Please set down the data again exactly, minus the pictures.

-------- AVAILABLE DATA --------

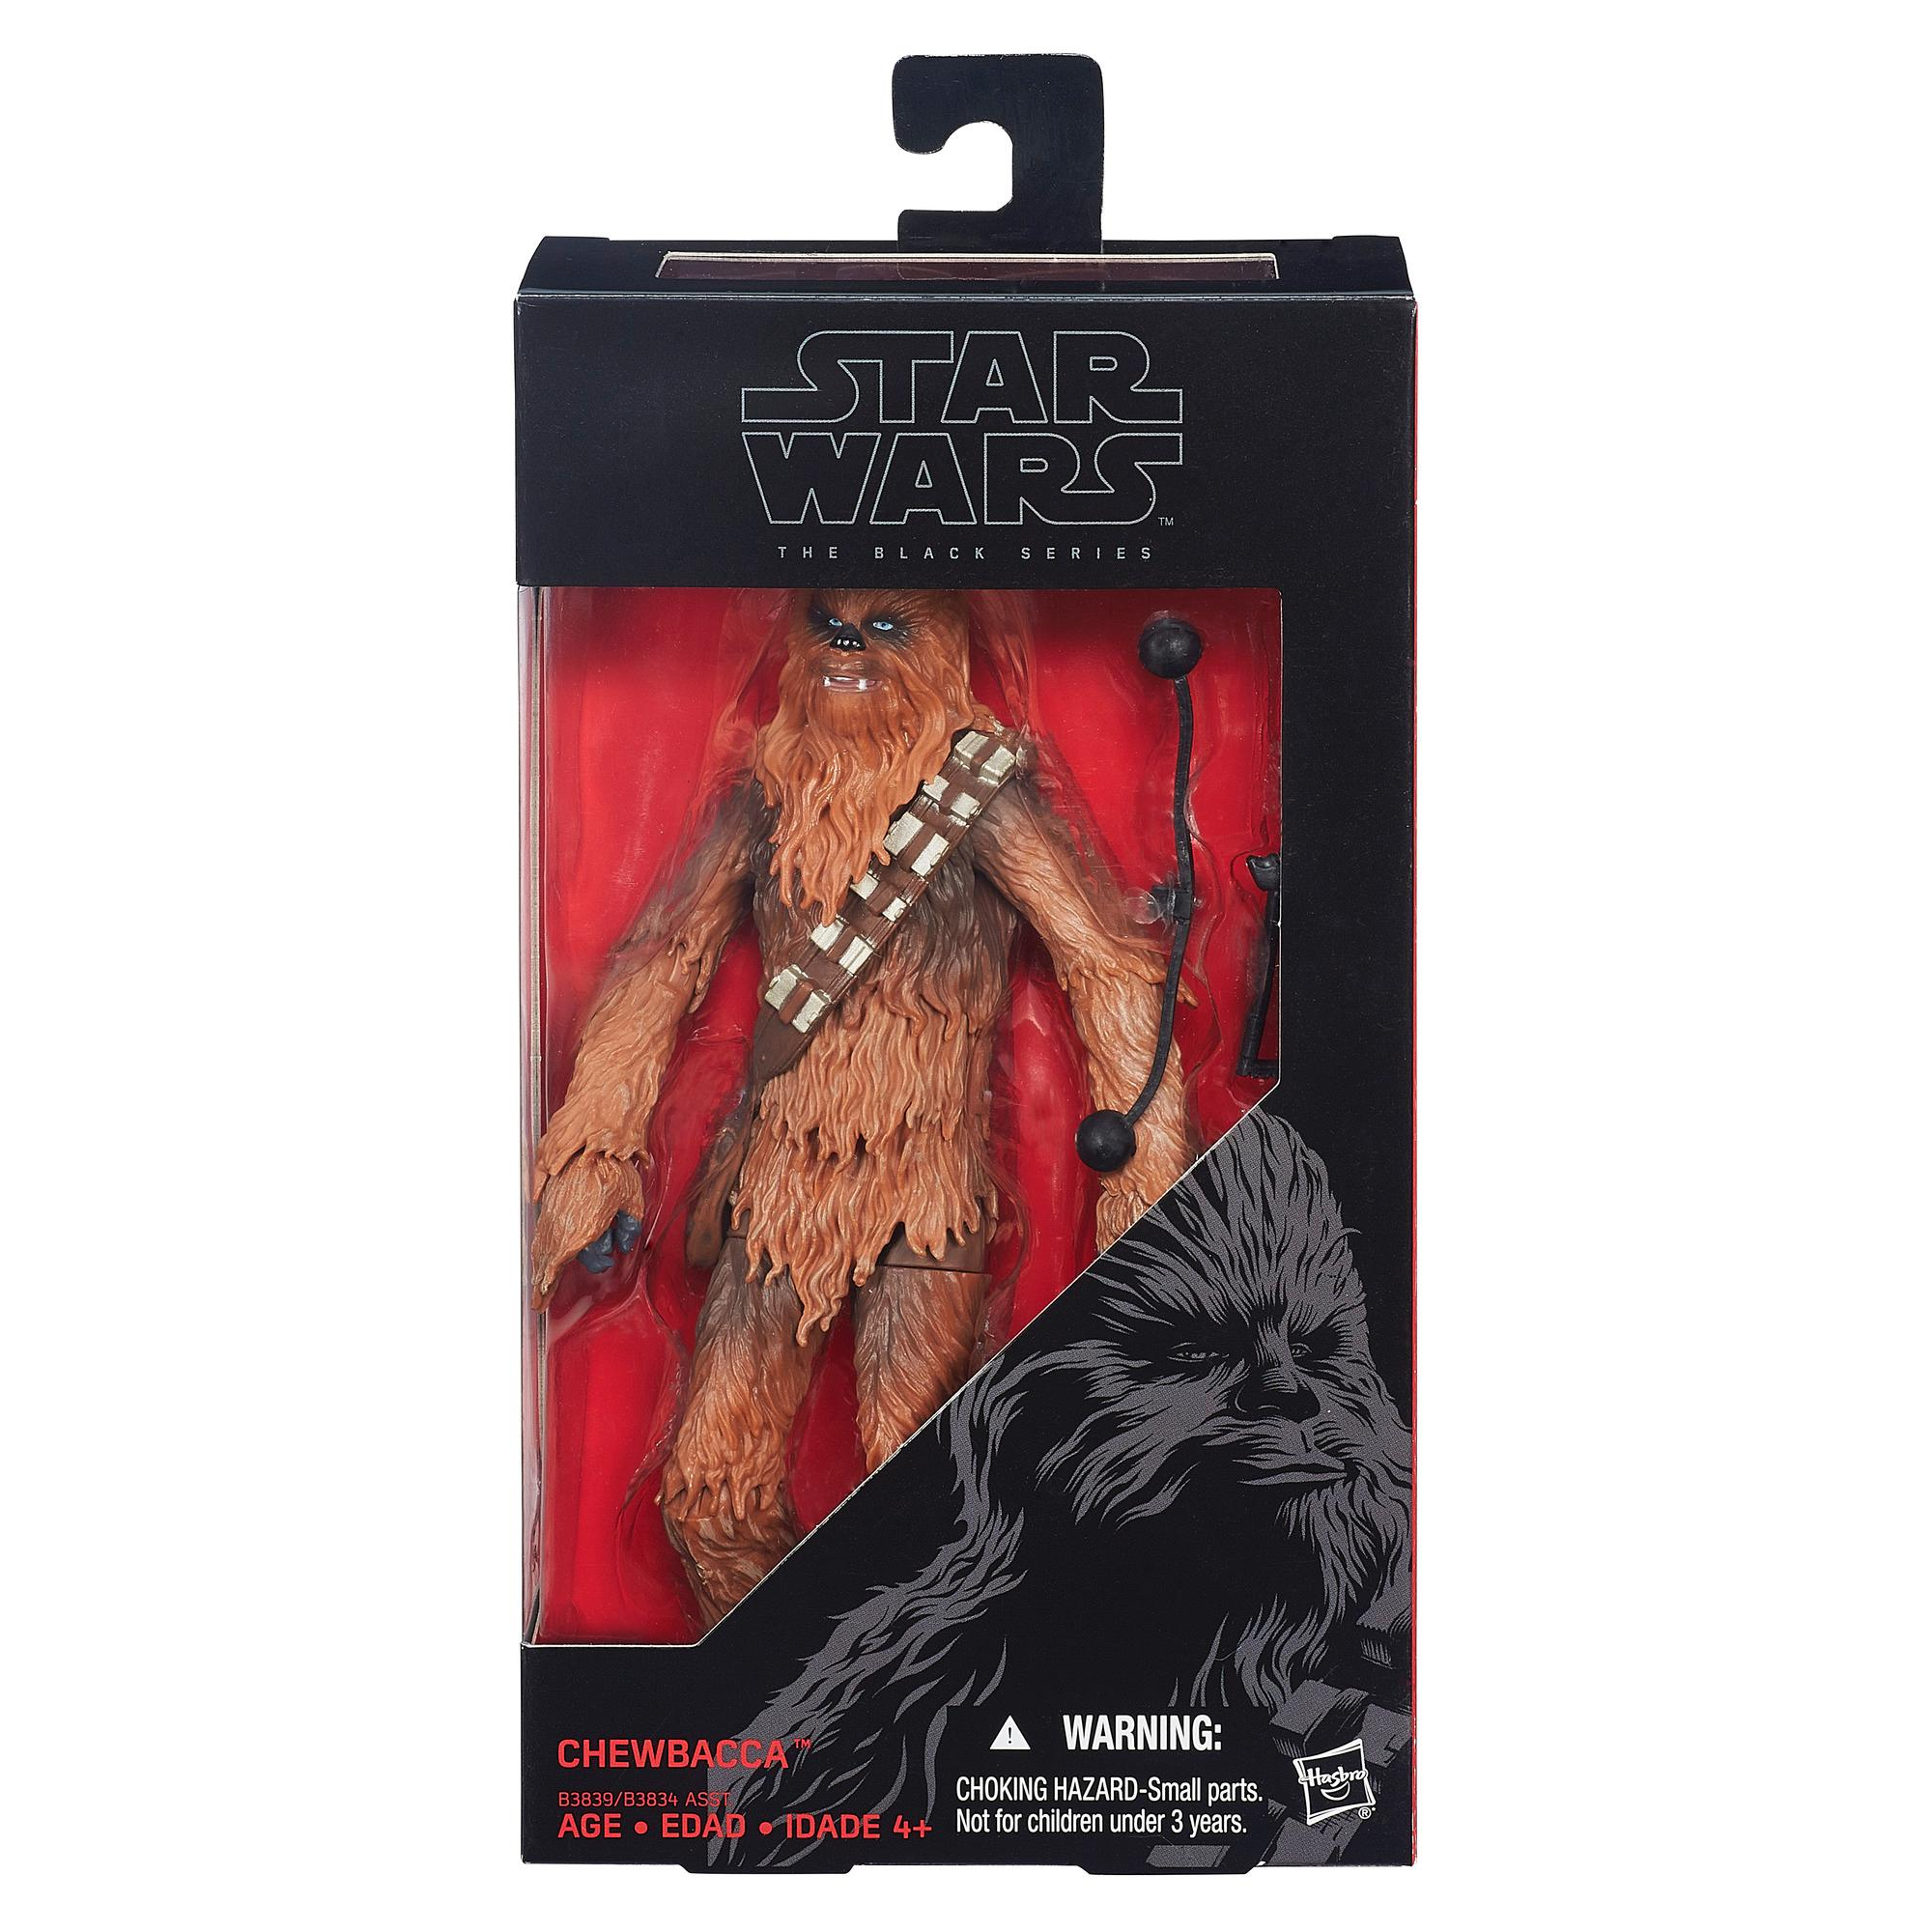 Star Wars - Chewbacca de 15,25 cm Black Series
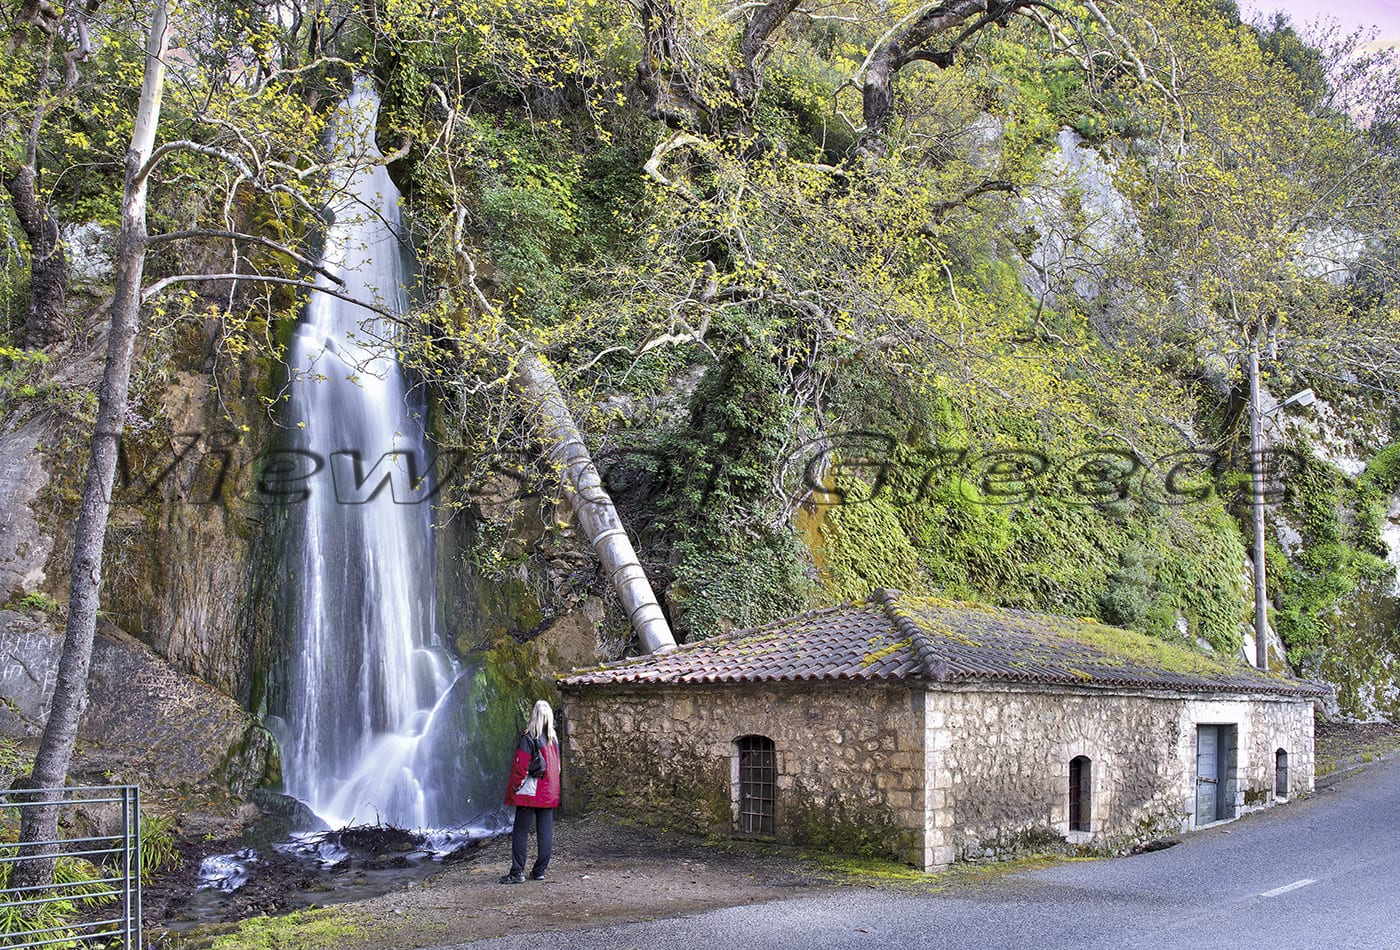 National Park Oiti, mountain, waterfalls, trekking, hiking, Εθνικός Δρυμός Οίτης, λιμνούλες Λιβαδιές, καταρράκτες, Αρσαλή, Υπάτη, Παύλιανη, Αγιοσπηλιές, μονή Αγάθωνος, χλωρίδα, Λουτρά Υπάτης, κάστρο Υπάτης,
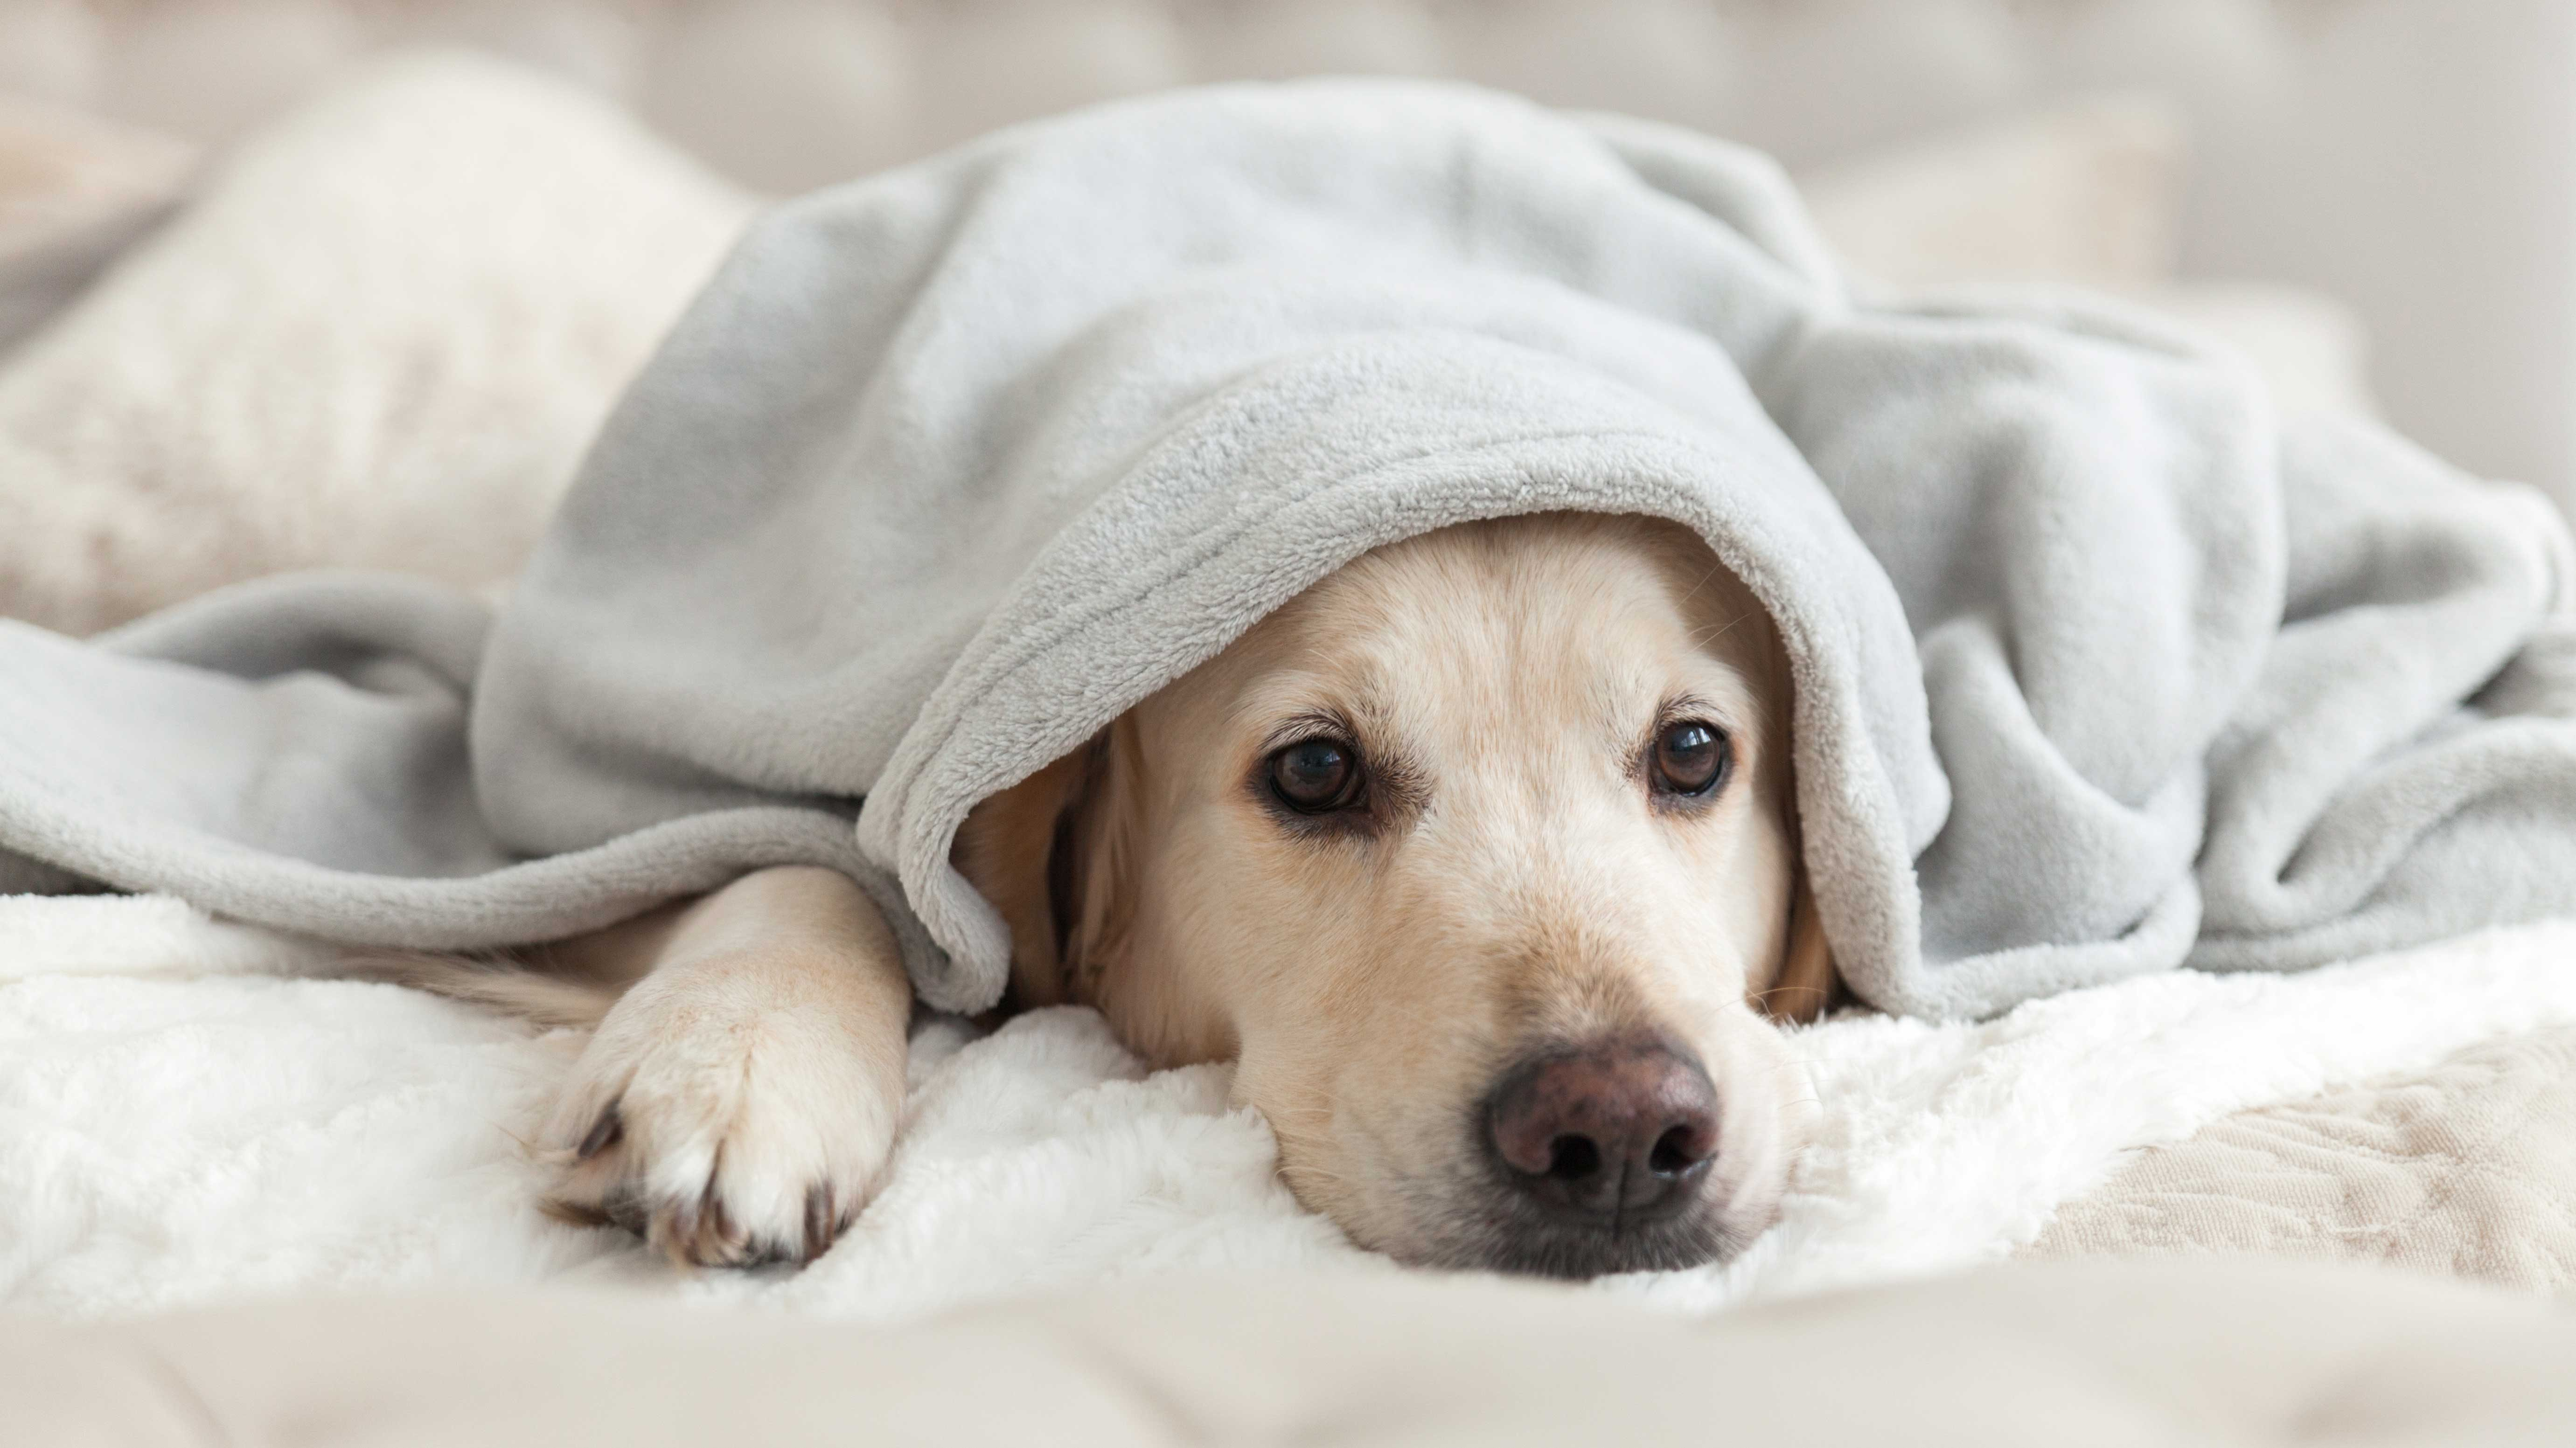 Dog Seizure Symptoms To Watch Out For Reader S Digest,Green Tea Caffeine Pills

--------

### TASK RESPONSE:
 Star Wars - Chewbacca de 15,25 cm Black Series
 National Park Oiti, mountain, waterfalls, trekking, hiking, Εθνικός Δρυμός Οίτης, λιμνούλες Λιβαδιές, καταρράκτες, Αρσαλή, Υπάτη, Παύλιανη, Αγιοσπηλιές, μονή Αγάθωνος, χλωρίδα, Λουτρά Υπάτης, κάστρο Υπάτης,
 Dog Seizure Symptoms To Watch Out For Reader S Digest,Green Tea Caffeine Pills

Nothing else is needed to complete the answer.